Given records >>
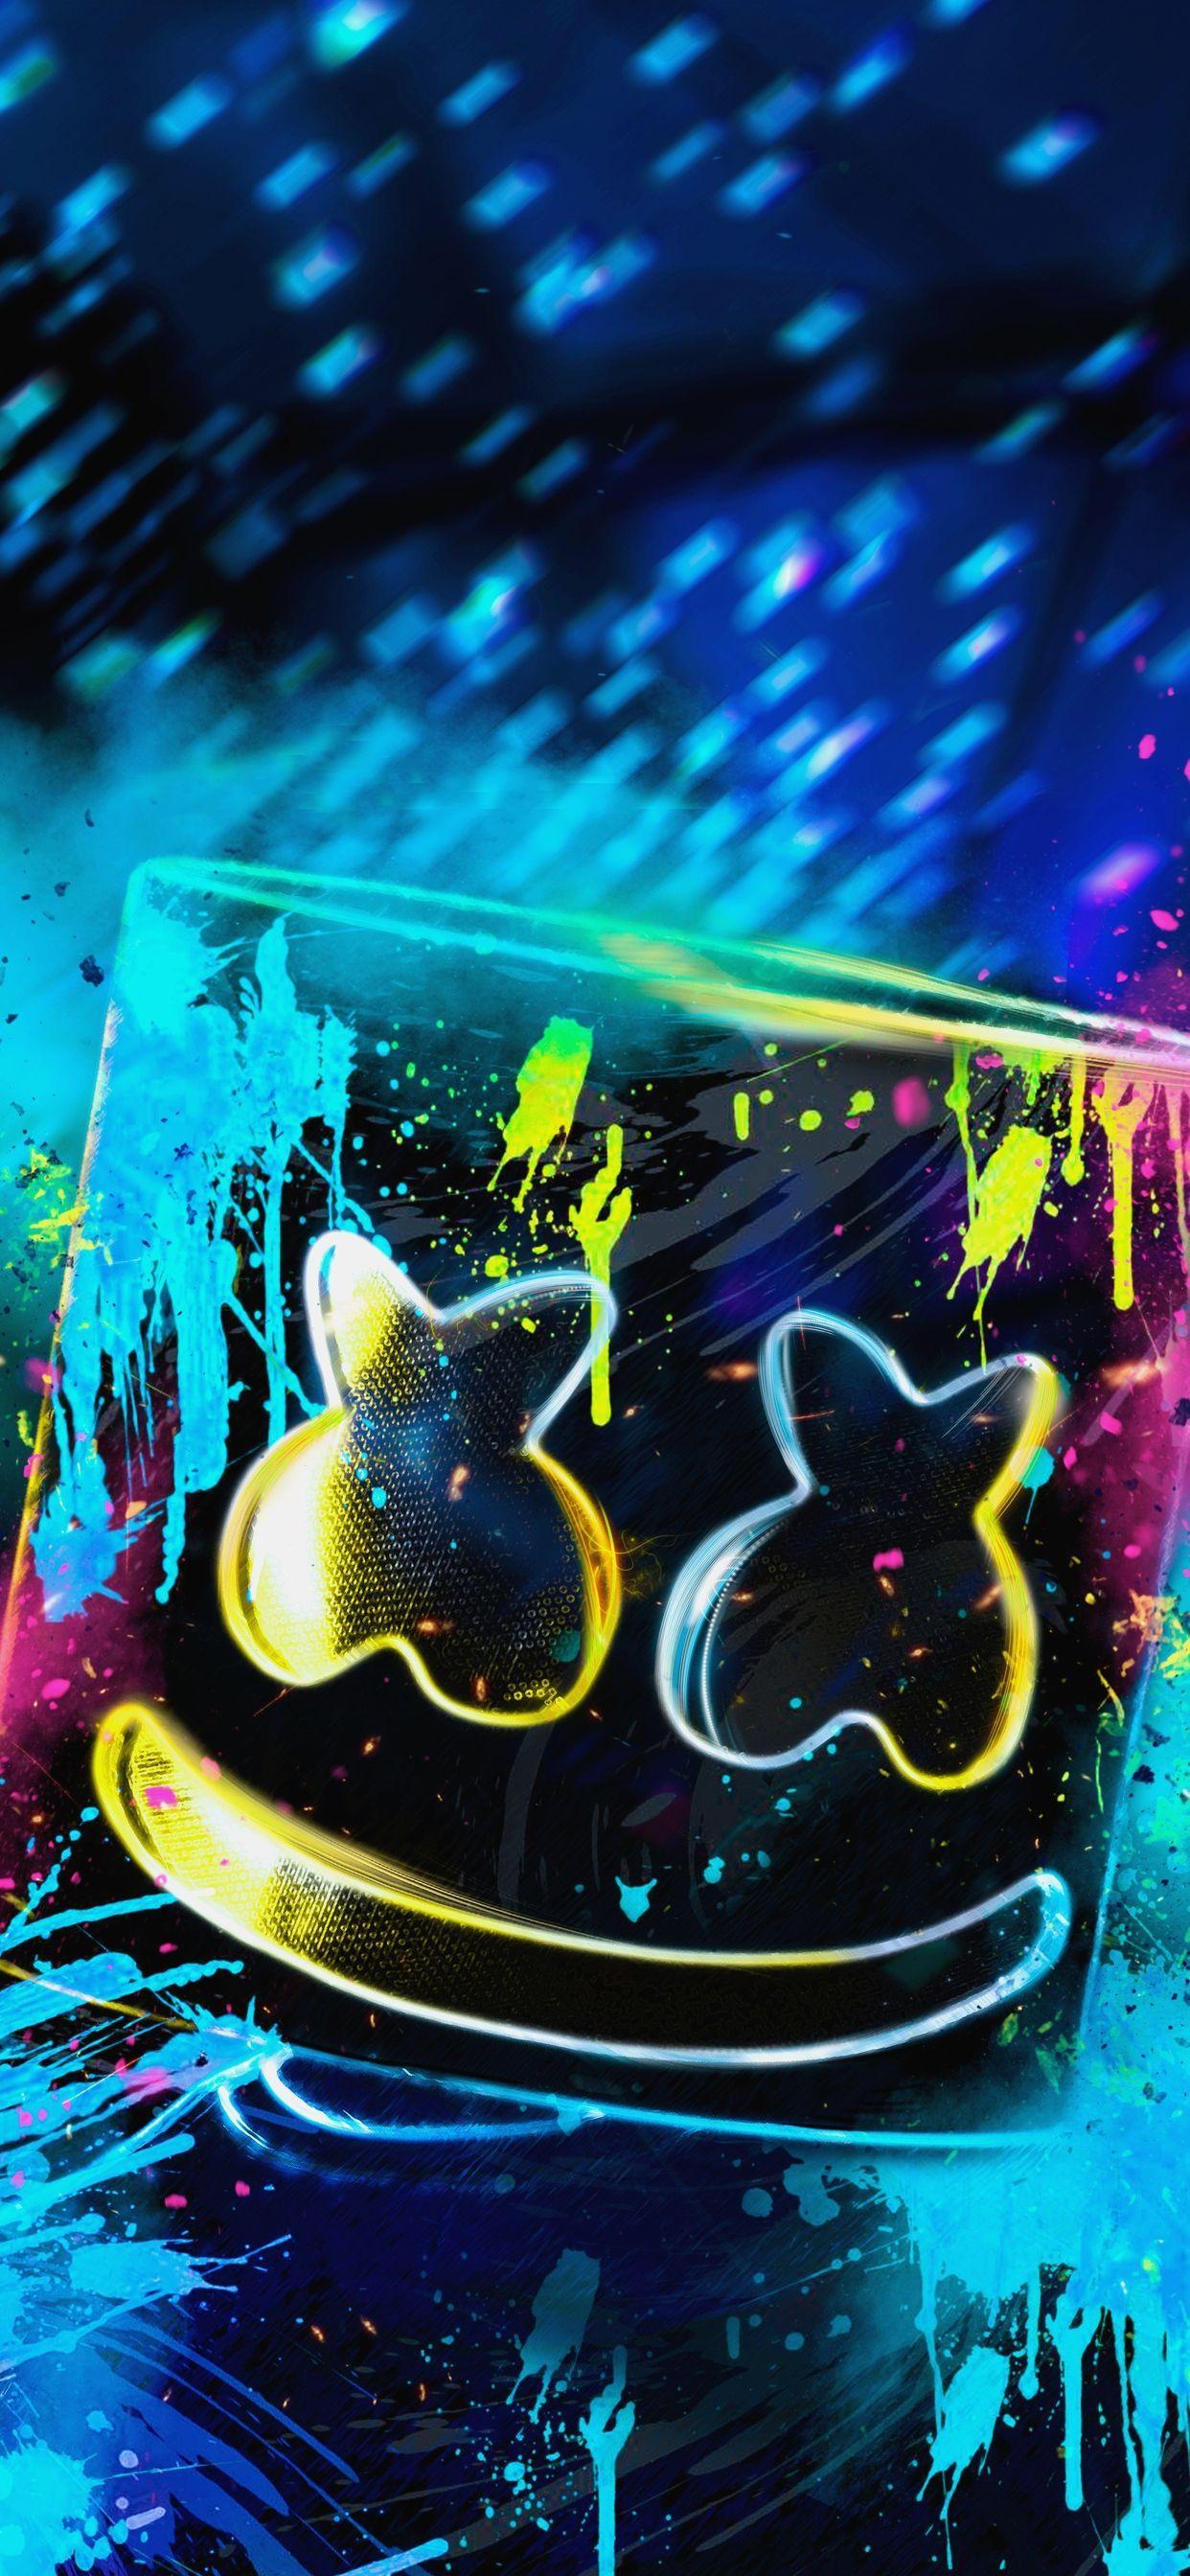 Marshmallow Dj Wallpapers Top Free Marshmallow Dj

--

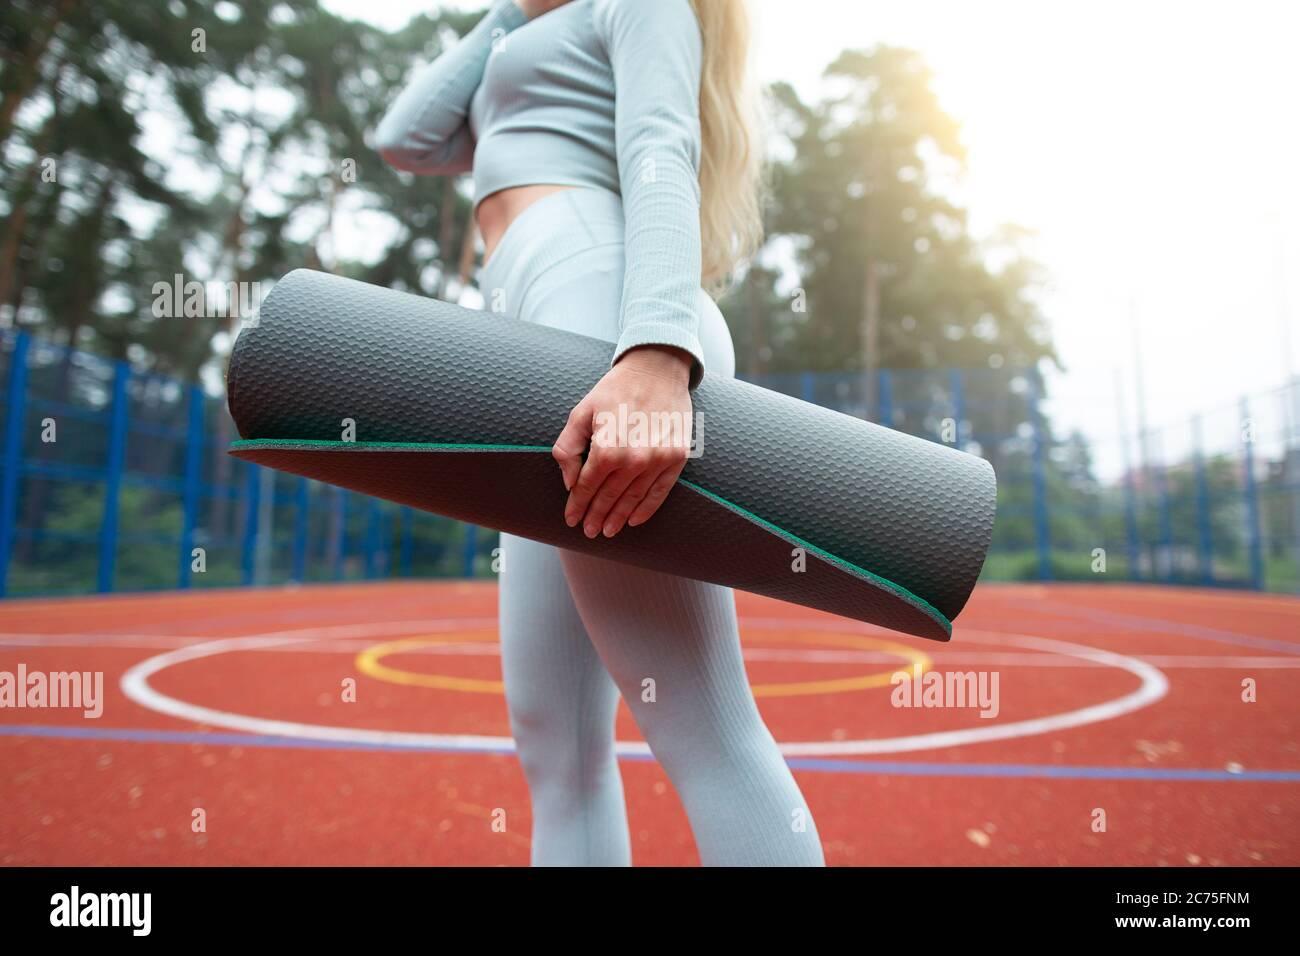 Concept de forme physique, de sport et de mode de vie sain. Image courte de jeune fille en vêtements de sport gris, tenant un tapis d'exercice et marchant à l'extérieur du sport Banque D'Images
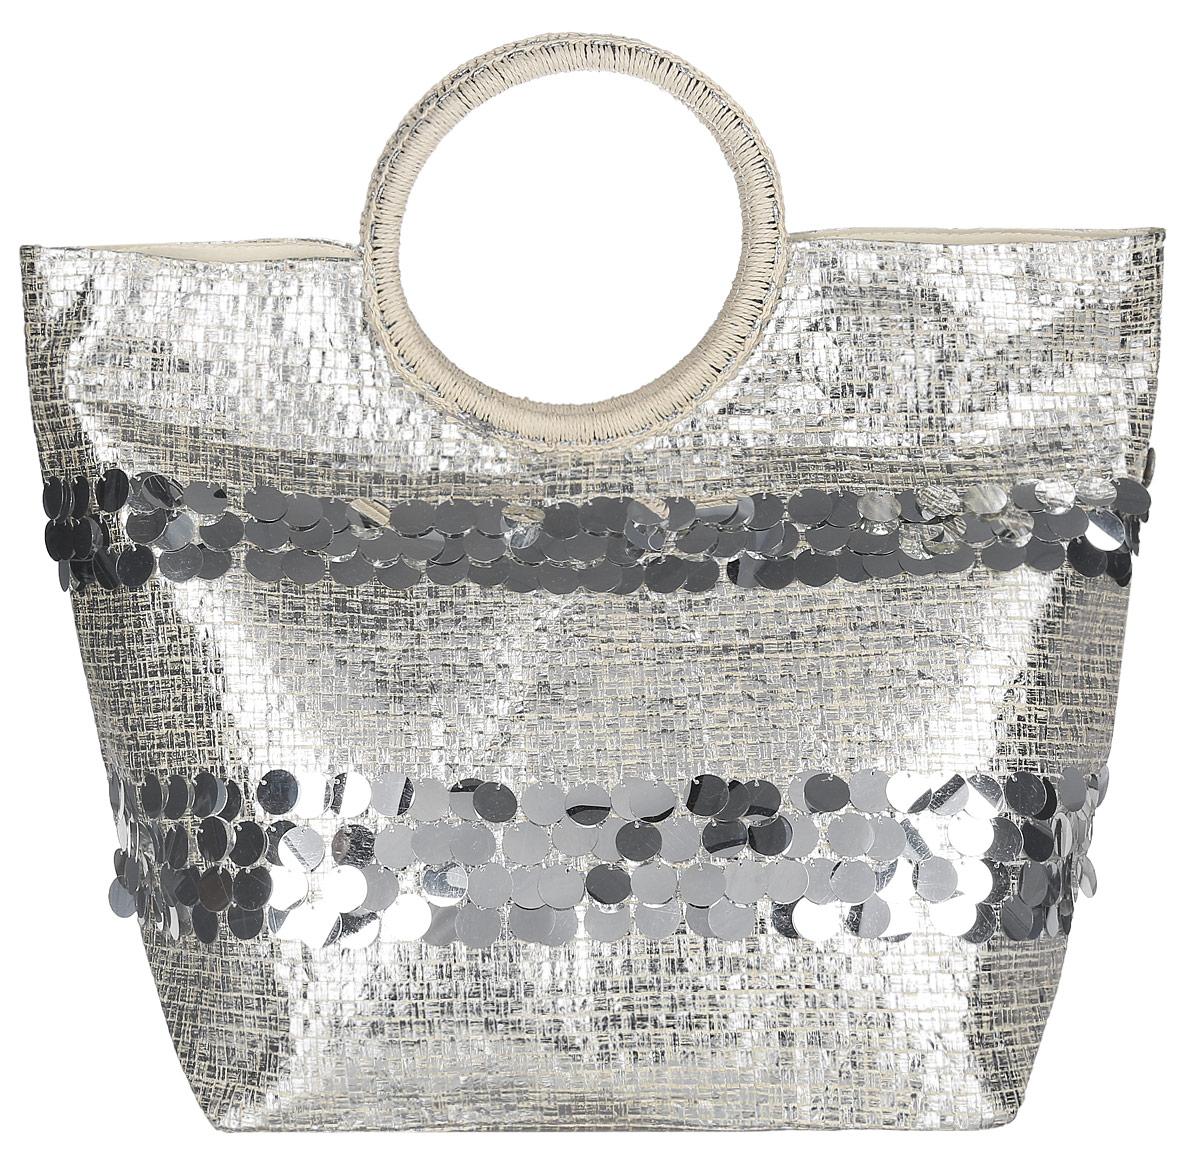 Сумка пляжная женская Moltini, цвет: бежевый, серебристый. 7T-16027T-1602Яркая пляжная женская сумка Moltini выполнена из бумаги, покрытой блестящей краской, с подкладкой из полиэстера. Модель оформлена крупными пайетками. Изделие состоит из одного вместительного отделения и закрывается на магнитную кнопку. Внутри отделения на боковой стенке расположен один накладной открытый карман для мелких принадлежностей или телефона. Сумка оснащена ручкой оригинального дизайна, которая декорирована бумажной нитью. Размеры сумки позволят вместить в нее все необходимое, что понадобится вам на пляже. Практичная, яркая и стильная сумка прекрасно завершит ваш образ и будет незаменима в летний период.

--

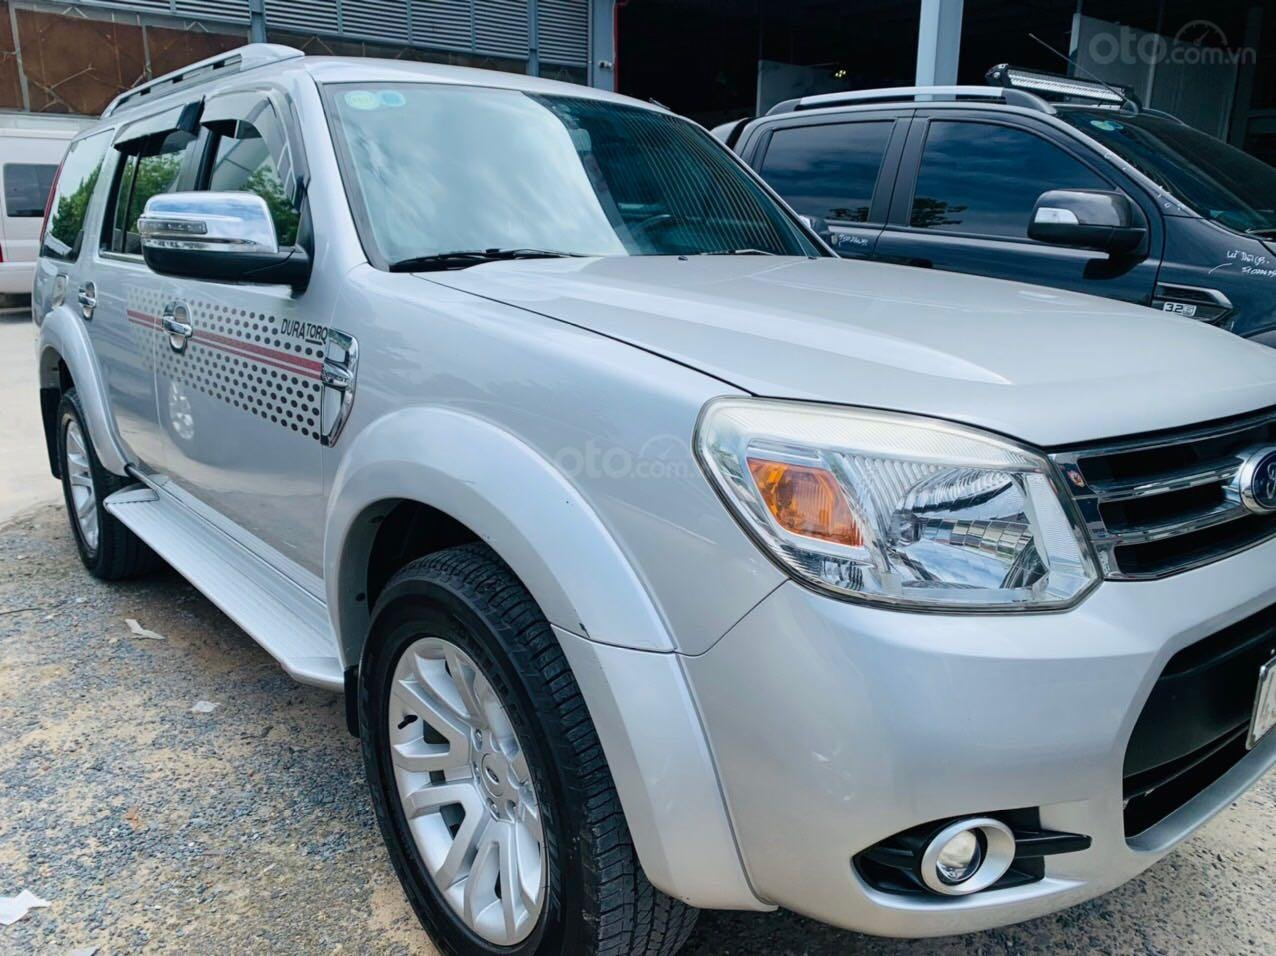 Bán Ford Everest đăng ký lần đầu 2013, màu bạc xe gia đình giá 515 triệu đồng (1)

Task to carry out >> From the line with "Concept de forme" up to and including the line with "Сумка пляжная женская" above, retype every line exactly and nothing more; leave out the pictures.

Output of the task >>
 Concept de forme physique, de sport et de mode de vie sain. Image courte de jeune fille en vêtements de sport gris, tenant un tapis d'exercice et marchant à l'extérieur du sport Banque D'Images
 Сумка пляжная женская Moltini, цвет: бежевый, серебристый. 7T-16027T-1602Яркая пляжная женская сумка Moltini выполнена из бумаги, покрытой блестящей краской, с подкладкой из полиэстера. Модель оформлена крупными пайетками. Изделие состоит из одного вместительного отделения и закрывается на магнитную кнопку. Внутри отделения на боковой стенке расположен один накладной открытый карман для мелких принадлежностей или телефона. Сумка оснащена ручкой оригинального дизайна, которая декорирована бумажной нитью. Размеры сумки позволят вместить в нее все необходимое, что понадобится вам на пляже. Практичная, яркая и стильная сумка прекрасно завершит ваш образ и будет незаменима в летний период.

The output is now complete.